Work required: Once you have located the line containing "Ugg Dark Brown Seton Tall Boots" in the material below, return it exactly along with each line after it through the line containing "vidage de masque en plongée".

Extracted material:

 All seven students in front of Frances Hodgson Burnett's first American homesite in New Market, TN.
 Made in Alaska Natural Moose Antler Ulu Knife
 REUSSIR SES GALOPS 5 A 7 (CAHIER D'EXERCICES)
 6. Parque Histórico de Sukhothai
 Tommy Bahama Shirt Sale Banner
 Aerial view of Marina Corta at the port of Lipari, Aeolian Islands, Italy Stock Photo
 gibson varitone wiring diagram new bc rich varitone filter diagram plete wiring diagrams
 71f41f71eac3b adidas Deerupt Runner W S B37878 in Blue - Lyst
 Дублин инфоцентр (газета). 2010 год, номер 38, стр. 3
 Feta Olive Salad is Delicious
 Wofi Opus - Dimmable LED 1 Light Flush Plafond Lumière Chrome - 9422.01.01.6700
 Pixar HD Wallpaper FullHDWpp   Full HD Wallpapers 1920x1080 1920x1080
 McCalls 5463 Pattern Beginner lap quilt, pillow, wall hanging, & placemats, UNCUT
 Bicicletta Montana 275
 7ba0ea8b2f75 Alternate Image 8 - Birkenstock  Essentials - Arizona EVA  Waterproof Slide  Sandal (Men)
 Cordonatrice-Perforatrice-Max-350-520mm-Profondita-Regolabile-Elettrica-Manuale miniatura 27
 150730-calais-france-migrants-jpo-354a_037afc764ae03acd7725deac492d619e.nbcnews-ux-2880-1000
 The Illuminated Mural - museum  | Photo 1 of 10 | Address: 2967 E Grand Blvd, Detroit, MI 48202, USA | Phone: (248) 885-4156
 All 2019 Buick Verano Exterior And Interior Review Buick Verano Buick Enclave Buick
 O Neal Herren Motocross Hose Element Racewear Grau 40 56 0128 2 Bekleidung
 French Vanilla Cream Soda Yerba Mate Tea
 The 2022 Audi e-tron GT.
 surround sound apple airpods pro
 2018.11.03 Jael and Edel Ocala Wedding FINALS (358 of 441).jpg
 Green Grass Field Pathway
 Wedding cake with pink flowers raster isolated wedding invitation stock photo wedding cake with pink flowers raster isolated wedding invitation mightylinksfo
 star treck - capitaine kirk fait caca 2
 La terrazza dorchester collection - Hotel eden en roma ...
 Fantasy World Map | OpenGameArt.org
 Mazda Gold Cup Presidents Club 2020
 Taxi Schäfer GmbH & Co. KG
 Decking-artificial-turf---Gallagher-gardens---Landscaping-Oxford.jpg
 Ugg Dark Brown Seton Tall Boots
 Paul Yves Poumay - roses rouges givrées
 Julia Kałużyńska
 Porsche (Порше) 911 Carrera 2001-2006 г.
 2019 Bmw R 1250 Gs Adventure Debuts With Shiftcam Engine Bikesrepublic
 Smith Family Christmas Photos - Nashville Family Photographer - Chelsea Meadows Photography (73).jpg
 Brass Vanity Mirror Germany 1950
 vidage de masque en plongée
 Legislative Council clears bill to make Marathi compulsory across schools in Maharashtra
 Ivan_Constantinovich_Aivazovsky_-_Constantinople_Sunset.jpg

Exercise solution:
 Ugg Dark Brown Seton Tall Boots
 Paul Yves Poumay - roses rouges givrées
 Julia Kałużyńska
 Porsche (Порше) 911 Carrera 2001-2006 г.
 2019 Bmw R 1250 Gs Adventure Debuts With Shiftcam Engine Bikesrepublic
 Smith Family Christmas Photos - Nashville Family Photographer - Chelsea Meadows Photography (73).jpg
 Brass Vanity Mirror Germany 1950
 vidage de masque en plongée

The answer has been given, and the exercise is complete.